### Prompt
All of the lines below need to be copied exactly, apart from the pictures.

### Provided material
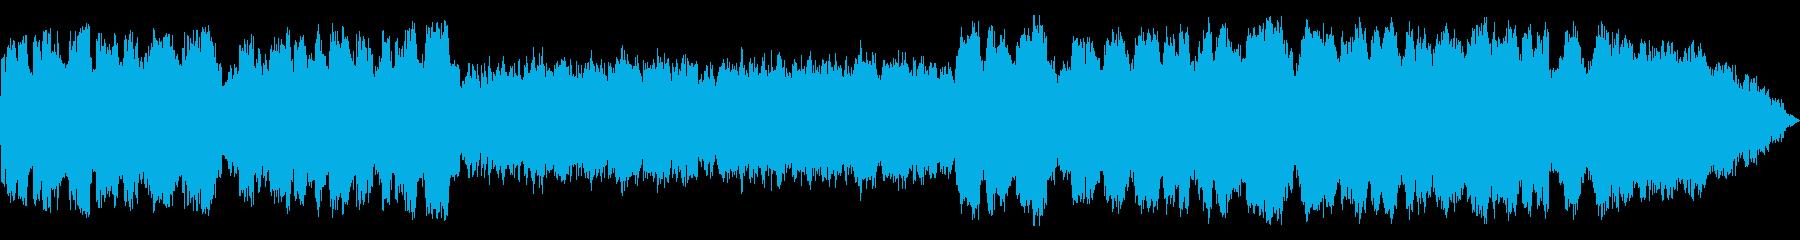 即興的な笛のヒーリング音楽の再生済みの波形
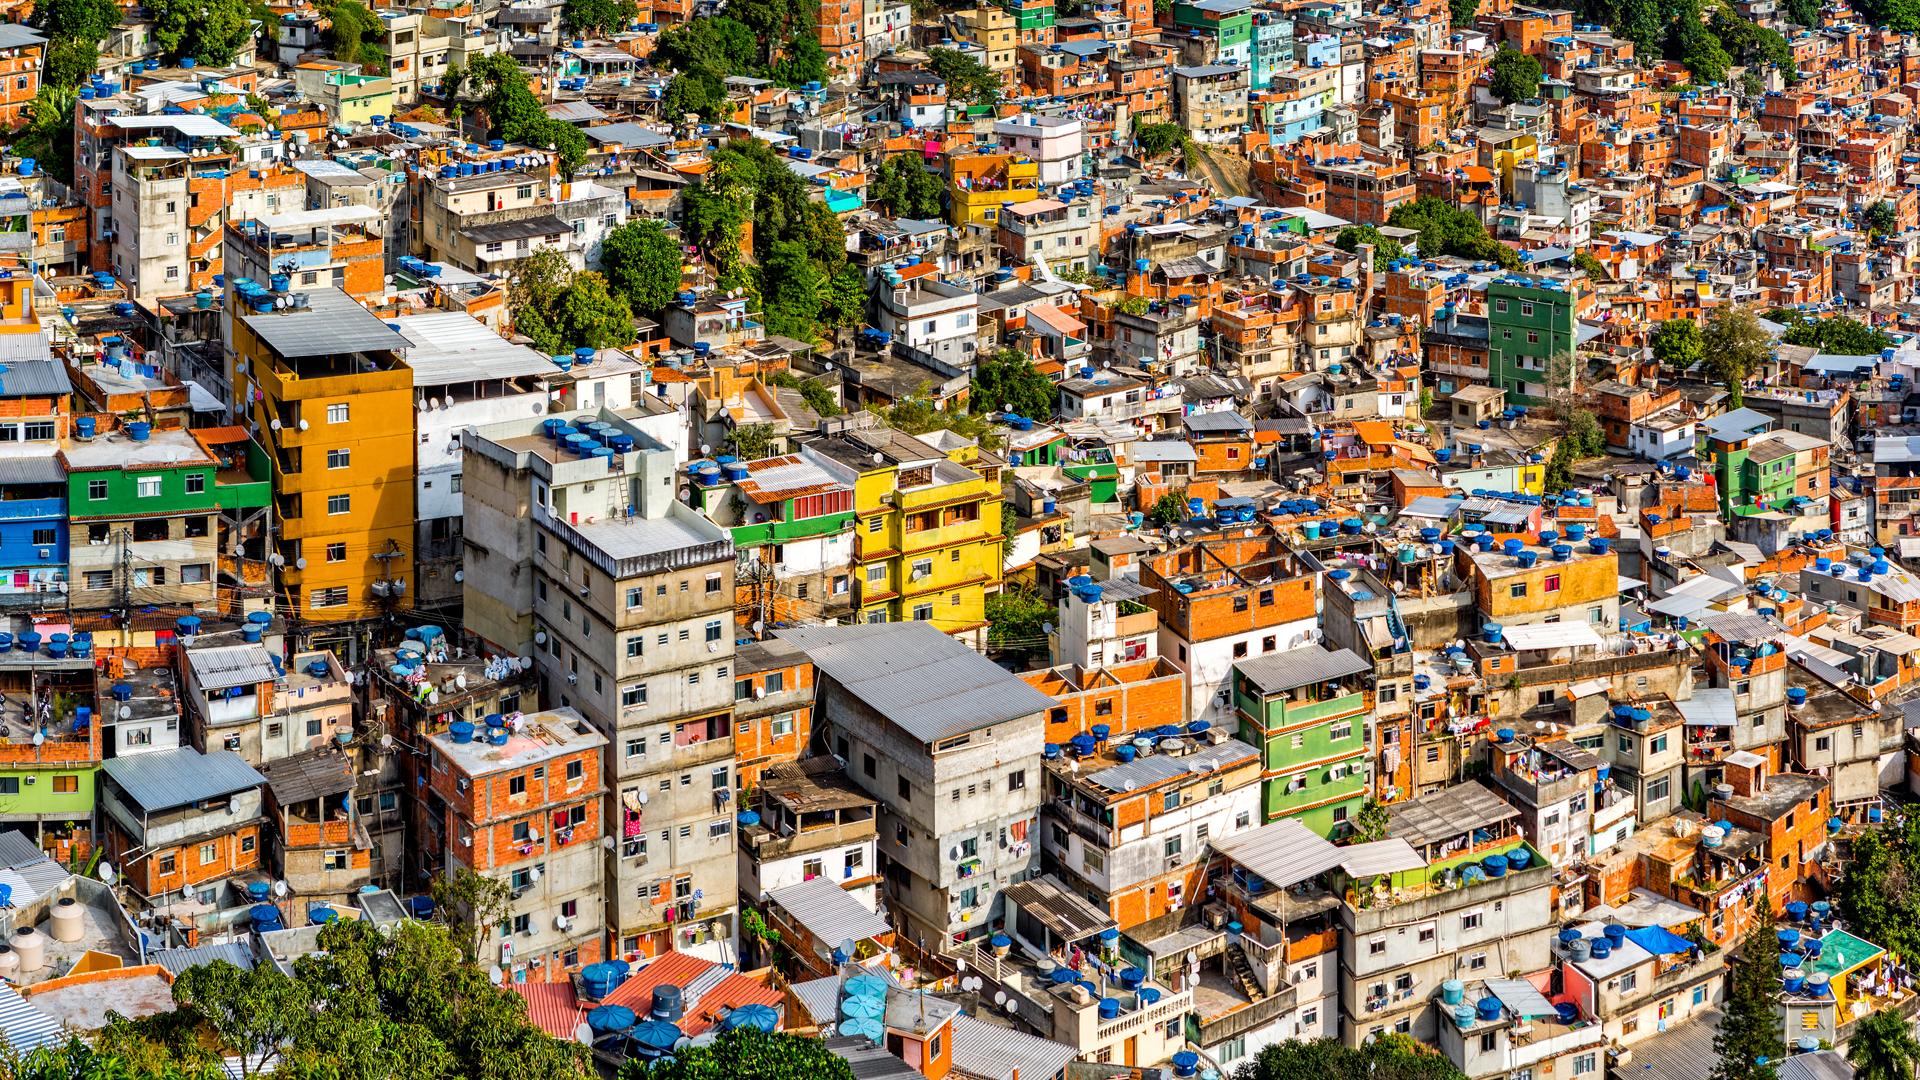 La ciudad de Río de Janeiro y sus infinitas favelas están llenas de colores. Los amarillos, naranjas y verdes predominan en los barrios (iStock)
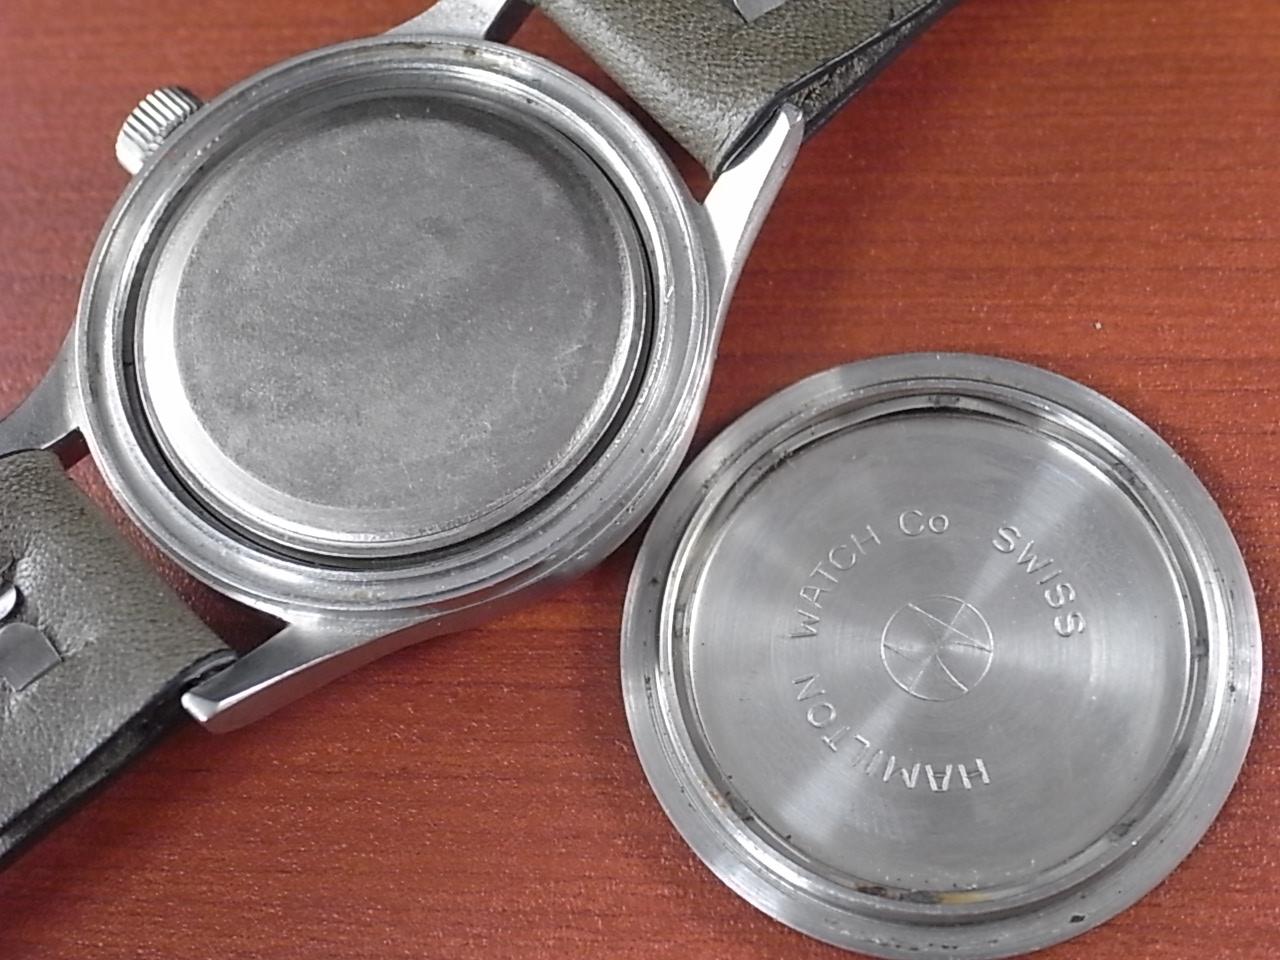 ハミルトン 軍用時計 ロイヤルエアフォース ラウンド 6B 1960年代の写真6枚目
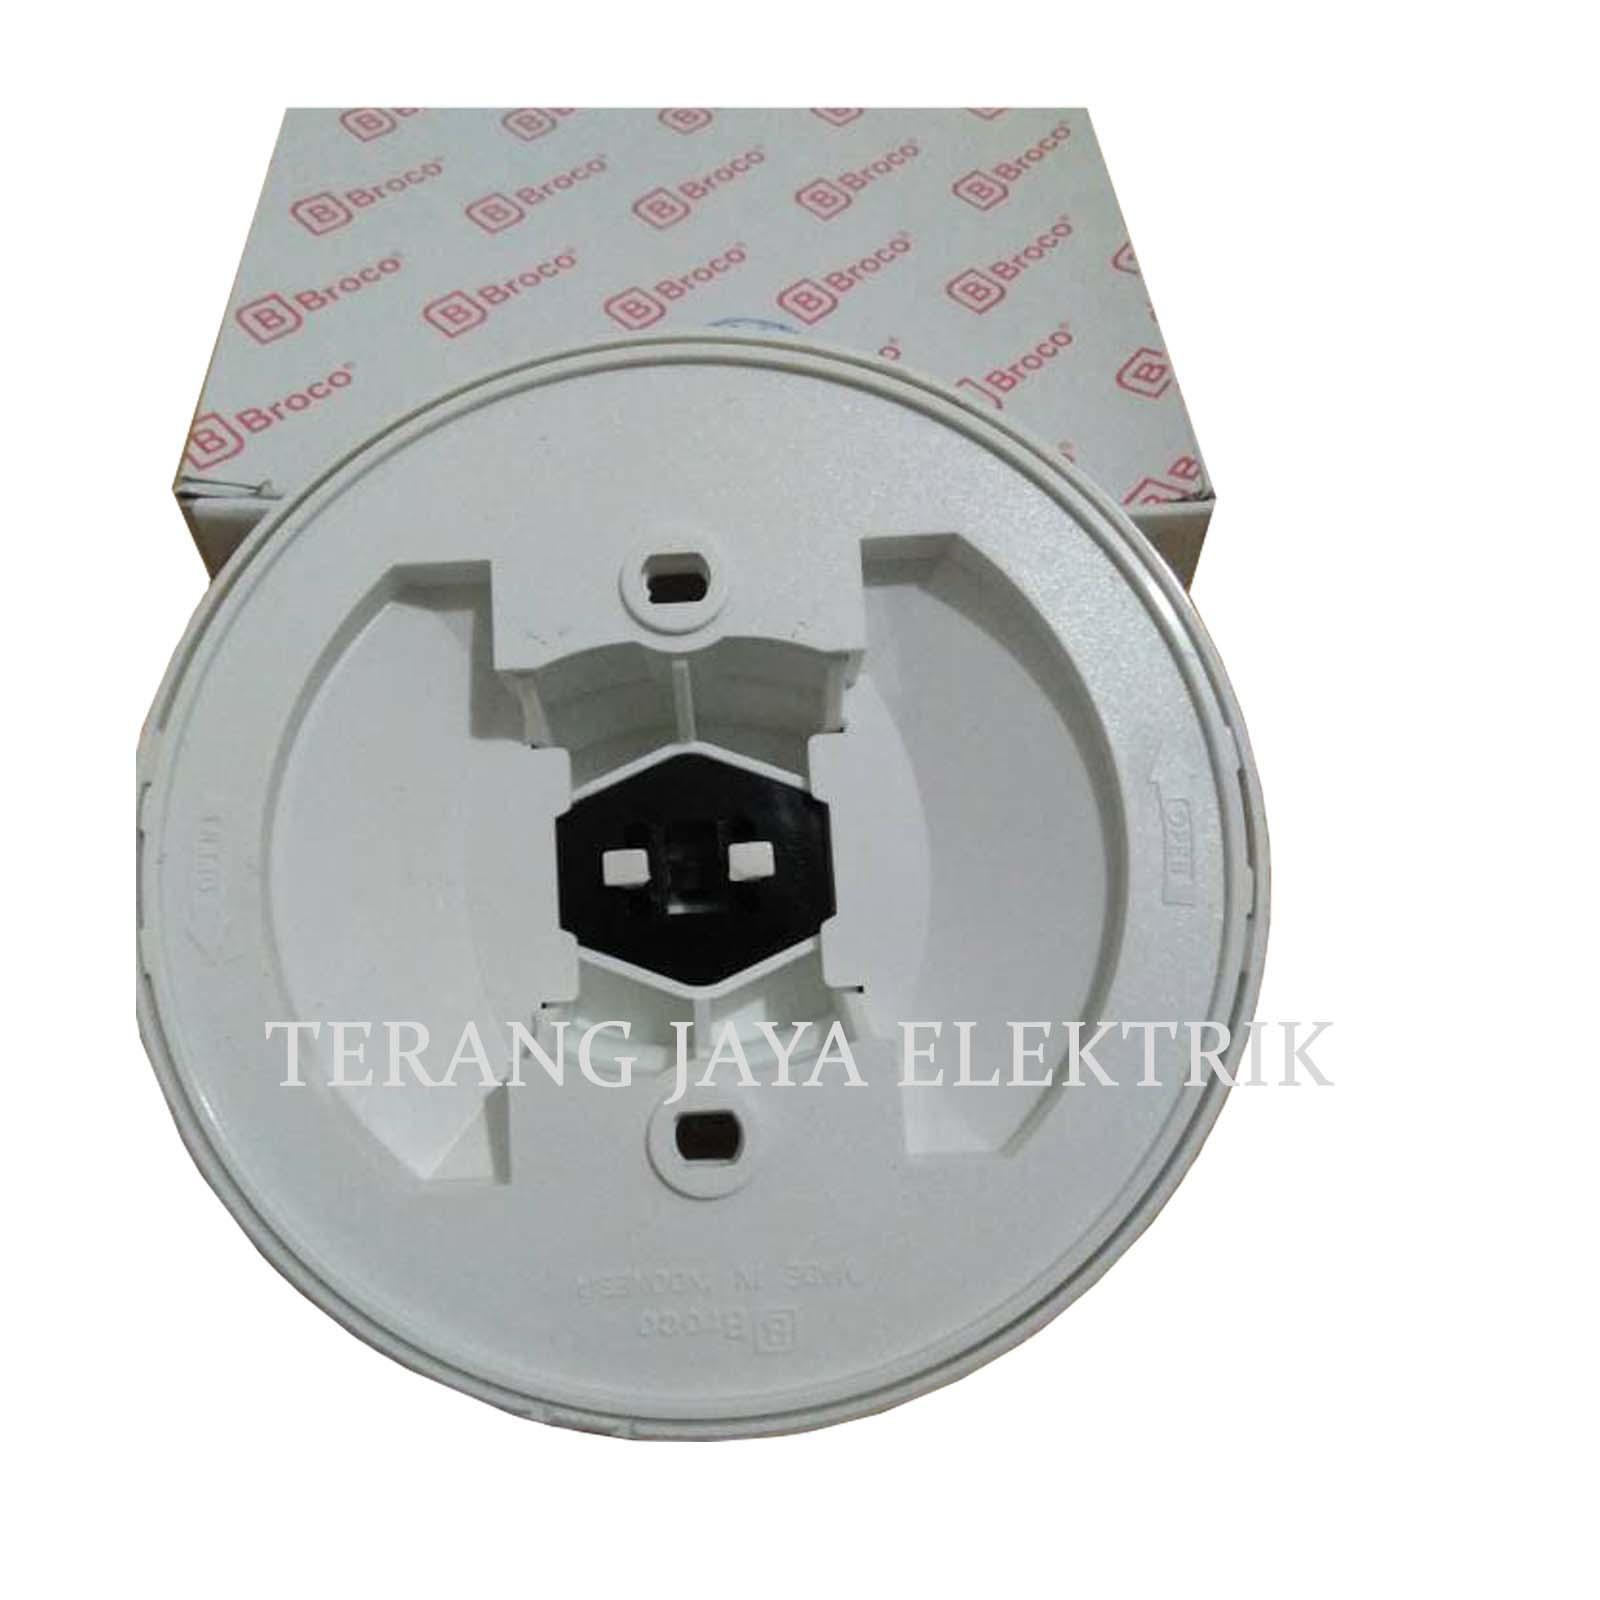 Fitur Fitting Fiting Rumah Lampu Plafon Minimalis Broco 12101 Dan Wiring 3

### Your solution
 即興的な笛のヒーリング音楽の再生済みの波形
 La ciudad de Río de Janeiro y sus infinitas favelas están llenas de colores. Los amarillos, naranjas y verdes predominan en los barrios (iStock)
 ハミルトン 軍用時計 ロイヤルエアフォース ラウンド 6B 1960年代の写真6枚目
 Fitur Fitting Fiting Rumah Lampu Plafon Minimalis Broco 12101 Dan Wiring 3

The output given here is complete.